ハリー・ポッターと不死鳥の騎士団(第6章後半)

クリーチャーがつぶやく。
タペストリーが捨てられてしまったら、奥様はクリーチャーめを決してお許しにならない。七世紀もこの家に伝わるものを」
シリウスがそれを聞きつけ、「もし取り外せるなら、わたしは必ずそうする。クリーチャー、さあ、立ち去れ」とののしる。
クリーチャーも負けていない。
「アズカバン帰りがクリーチャーに命令する。ああ、おかわいそうな奥様。いまのお屋敷の様子をごらんになったら、なんと仰せになることか」と皮肉をつぶやく。
シリウスとクリーチャー、お互いに、相手の姿を見るだけでイライラするという存在なのだ。
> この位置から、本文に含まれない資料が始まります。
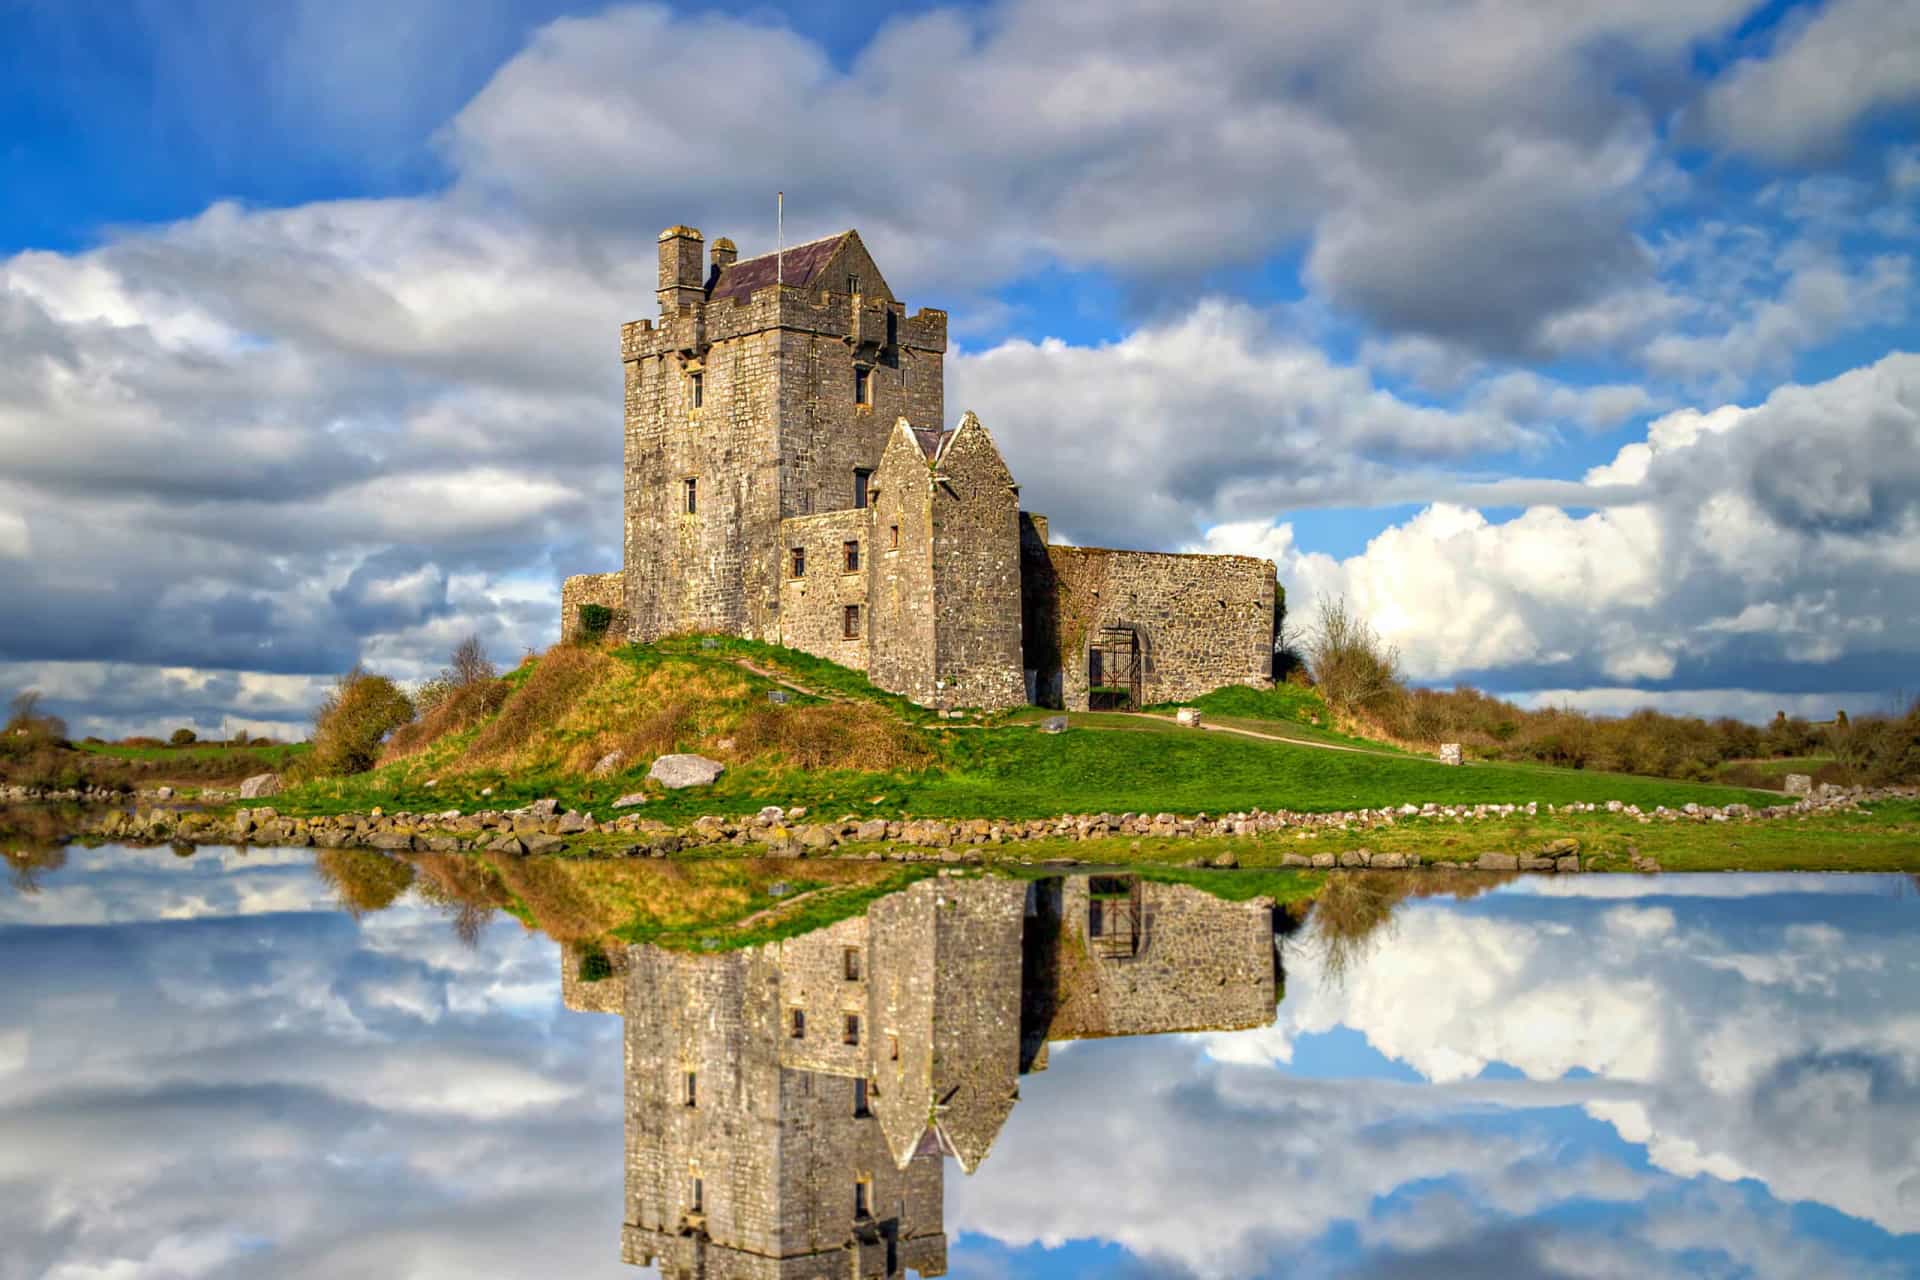 <p>Ireland is peppered with dozens of old castles and forts, and at Kinvara it's Dunguaire Castle that takes the honors. It stands as a 16th-century tower house on the southeastern shore of Galway Bay, just a short drive from the village and well worth a diversion to explore.</p>

どっちも気の毒ではある。でも、もしどちらかから歩み寄れるとすれば、立場の強いシリウスの方が歩み寄るべきなのだ。そのことは、「死の秘宝」で証明される。

ハリーはシリウスと一緒に、クリーチャーが守ろうとしているタペストリーを見る。それはブラック家の家系図だった。
イギリスの旧家では、こんなふうに家系図を壁にかざる習慣があるのだろうか? それとも、この物語だけの設定なのか?
ハリーは、ここでシリウスから彼の家族のことを聞く。

シリウスは母親と不仲で、16歳の時に家出し、学校の夏休みにはハリーの父の家に滞在していた(「日本語訳の「キャンプした」は誤訳)。17歳になったら一人暮らしを始めた。あとでわかるが、魔法界では17歳からが成人年齢なのだ。叔父のアルファードが、シリウスに遺産を残してくれていた。シリウスの母はシリウスの名もアルファードの名も、家系図から消した。

シリウスにはレギュラスという名の弟がいて、15年ほど前に死亡している。シリウスの両親は死喰い人ではなかったが、ヴォルデモートの考えに賛成の立場だった。レギュラスは死喰い人に加わったが、ある時点で身を引こうとしてヴォルデモートに殺された。そうシリウスは説明した。
レギュラスがどのように死んだか、ハリーと読者が知るのは「死の秘宝」10章だ。そこでのクリーチャーの話では、レギュラスは人知れず死んだはずで、そのことはヴォルデモートも知らない。いったいどんな形で、魔法界は彼の死を知ったのだろう?

タペストリーの名前でここで出てくるのは、フィニアス・ナイジェラス、アラミンタ・メリフルア、エラドーラ、アンドロメダ、ベラトリックス、ナルシッサ。ナルシッサの夫になったルシウス・マルフォイと、息子ドラコも家系図にある。
フィニアス・ナイジェラスのことを「ホグワーツの歴代に校長の中で、いちばん人望がなかった」とシリウスが言う。ここを読んだときは、自分の家系を憎んでいるシリウスの偏見だと思った。しかし23章でフィニアスの肖像画が「これだから、わたしは教師をしていることが身震いするほどいやだった!」と言うのを読み、教師というしごとを愛することができなかったのなら、人望がなかったのも本当だろうと納得した。

レギュラスとフィニアス以外に、ベラトリックス姉妹もそれぞれ、今後のストーリーで活躍をすることになる。
この家系図の全体像は、小説ではわからない。しかし原作者の頭の中には、3-4数世代分の系図が全部あった。映画監督の求めに応じて、すぐに系図がファクスで送られてきたという。

午後、みんなで今度は客間の戸棚を片付けることになった。いろいろな怪しい道具を、捨てるための袋に投げ入れた。ジョージが、かさぶた粉と呼ばれる毒の粉をこっそりくすねた。
この作業の描写の中にさりげなく「誰も開けられない重いロケット、古い印章がたくさん、それに…」と書かれているのが、「死の秘宝」で重要アイテムになるロケットなのだろう。「クリーチャーが何度か部屋に入ってきて、品物を腰布の中に隠して持ち去ろうとした」という部分も、あとで考えれば同じアイテムに関する伏線だった。

その後何日も、屋敷の中の掃除が続いた。指揮をとっていたのはモリー・ウィーズリーだった。なぜシリウスじゃないのか、ちょっと不思議だが。
スネイプは何度か来たが、すぐ出ていった。マクゴナガル先生も一度現れた。マンダンガスも出入りしていた。ルーピンはこの屋敷に住んでいたが、「騎士団の秘密の任務で家を空けていた」と書かれている。秘密の任務というのは、狼人間仲間との接触だろうか。

懲戒尋問の日が近づいてきて、ハリーはどんどん気が重くなった。その前夜にダンブルドアが屋敷にやってきて、ハリーに会わずに帰ったと聞いて、ハリーの気持ちはよけいに沈んだ。